Повесть о жизни - страница 39



С этого лета я навсегда и всем сердцем привязался к Средней России. Я не знаю страны, обладающей такой огромной лирической силой и такой трогательно живописной – со всей своей грустью, спокойствием и простором, – как средняя полоса России. Величину этой любви трудно измерить. Каждый знает это по себе. Любишь каждую травинку, поникшую от росы или согретую солнцем, каждую кружку воды из лесного колодца, каждое деревцо над озером, трепещущее в безветрии листьями, каждый крик петуха и каждое облако, плывущее по бледному и высокому небу.

И если мне хочется иногда жить до ста двадцати лет, как предсказывал дед Нечипор, то только потому, что мало одной жизни, чтобы испытать до конца все очарование и всю исцеляющую силу нашей русской природы.

Детство кончалось. Очень жаль, что всю прелесть детства мы начинаем понимать, когда делаемся взрослыми. В детстве все было другим. Светлыми и чистыми глазами мы смотрели на мир, и все нам казалось гораздо более ярким.

Ярче было солнце, сильнее пахли поля, громче был гром, обильнее дожди и выше трава. И шире было человеческое сердце, острее горе и в тысячу раз загадочнее была земля, родная земля – самое великолепное, что нам дано для жизни. Ее мы должны возделывать, беречь и охранять всеми силами своего существа.

Кишата

Я не завидовал, как другие мальчики, тому, что киевские кадеты носили белые погоны с желтыми вензелями и становились во фронт перед генералами. Не завидовал я и гимназистам, хотя их шинели из серого офицерского сукна, с серебряными пуговицами, считались очень красивыми. С детства я был равнодушен ко всякой форменной одежде, кроме морской.

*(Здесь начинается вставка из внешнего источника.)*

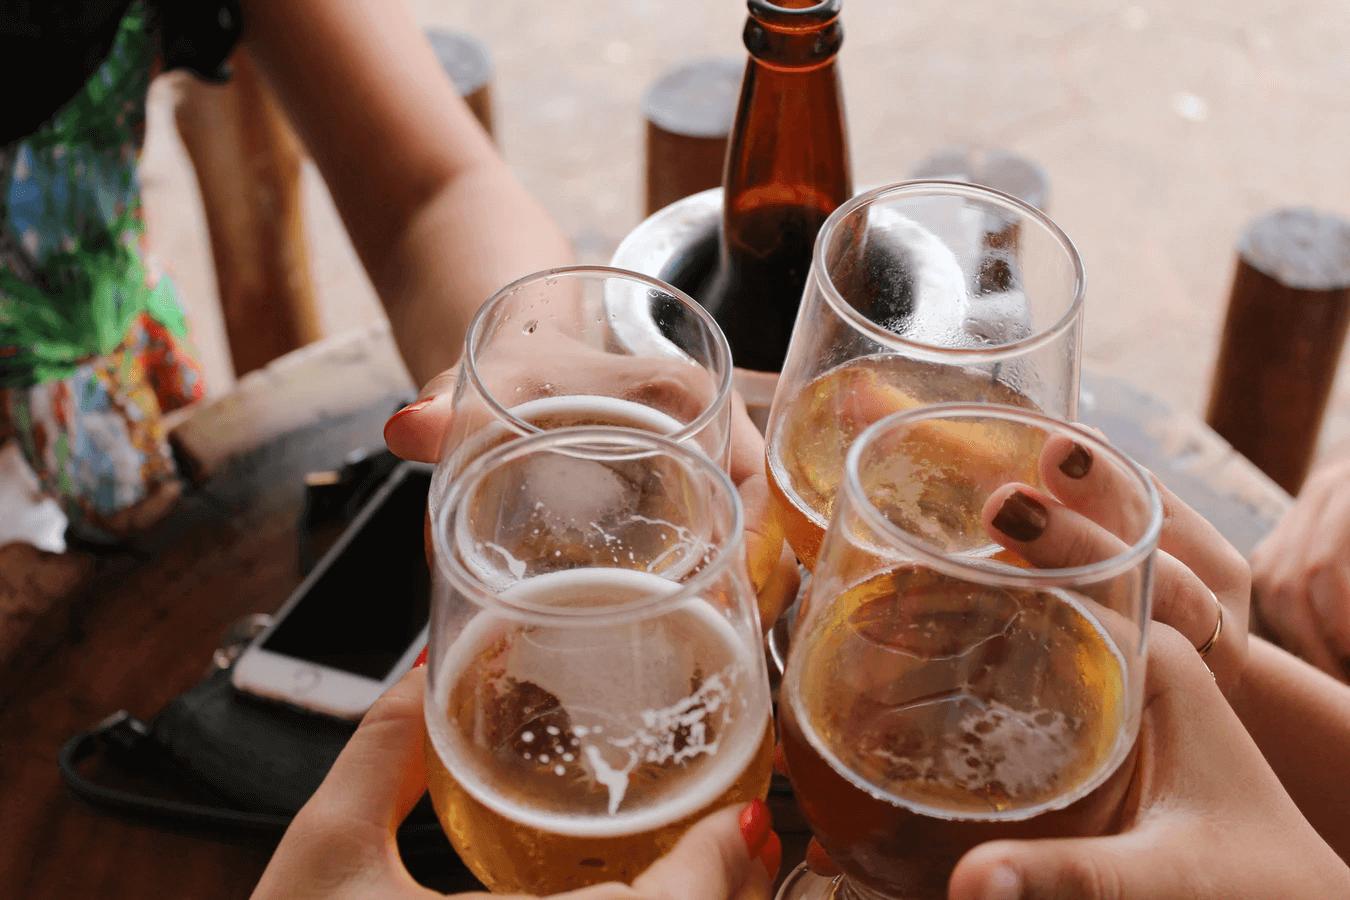 Friends drinking at Anaheim brewery

Когда осенью 1902 года я впервые надел длинные брюки и гимназическую курточку, мне было неловко, неудобно, и я на время перестал чувствовать себя самим собой. Я стал для себя чужим мальчиком с тяжелой фуражкой на голове. Я невзлюбил эти твердые синие фуражки с огромным гербом, потому что у всех моих товарищей – учеников приготовительного класса – всегда торчали из-под фуражек оттопыренные уши. Когда они снимали фуражку, уши у них делались обыкновенными. Но стоило им надеть фуражку, как уши тотчас оттопыривались. Будто нарочно для того, чтобы инспектор Бодянский, взяв приготовишку за ухо, мог сказать страшным своим голосом:

– Опять опоздал, мизерабль! Становись в угол и думай о своей горькой судьбе!

Поэтому, как только мама купила мне фуражку, я, подражая старшим братьям, вытащил из нее маленький железный обруч и вырвал атласную подкладку. Такова была традиция – чем больше потрепана фуражка, тем выше гимназическая доблесть. «Только зубрилы и подлизы ходят в новых фуражках», – говорили братья.

На фуражке полагалось сидеть, носить ее в кармане и сбивать ею созревшие каштаны. После этого она приобретала тот боевой вид, который был гордостью настоящего гимназиста.

Мне купили еще ранец с шелковистой спинкой из оленьей шкурки, пенал, тетради в клетку, тонкие учебники для приготовительного класса, и мама повела меня в гимназию.

Бабушка Викентия Ивановна в это время гостила у нас в Киеве. Она перекрестила меня и повесила мне на шею крестик на холодной цепочке. Трясущимися руками oнa расстегнула ворот моей черной курточки, засунула крестик мне под рубаху, отвернулась и прижала платок к глазам.

– Ну, иди! – сказала она глухим голосом и слегка оттолкнула меня. – Будь умным. Трудись!

Я ушел с мамой. Все время я оглядывался на наш дом, будто меня уводили из него навсегда.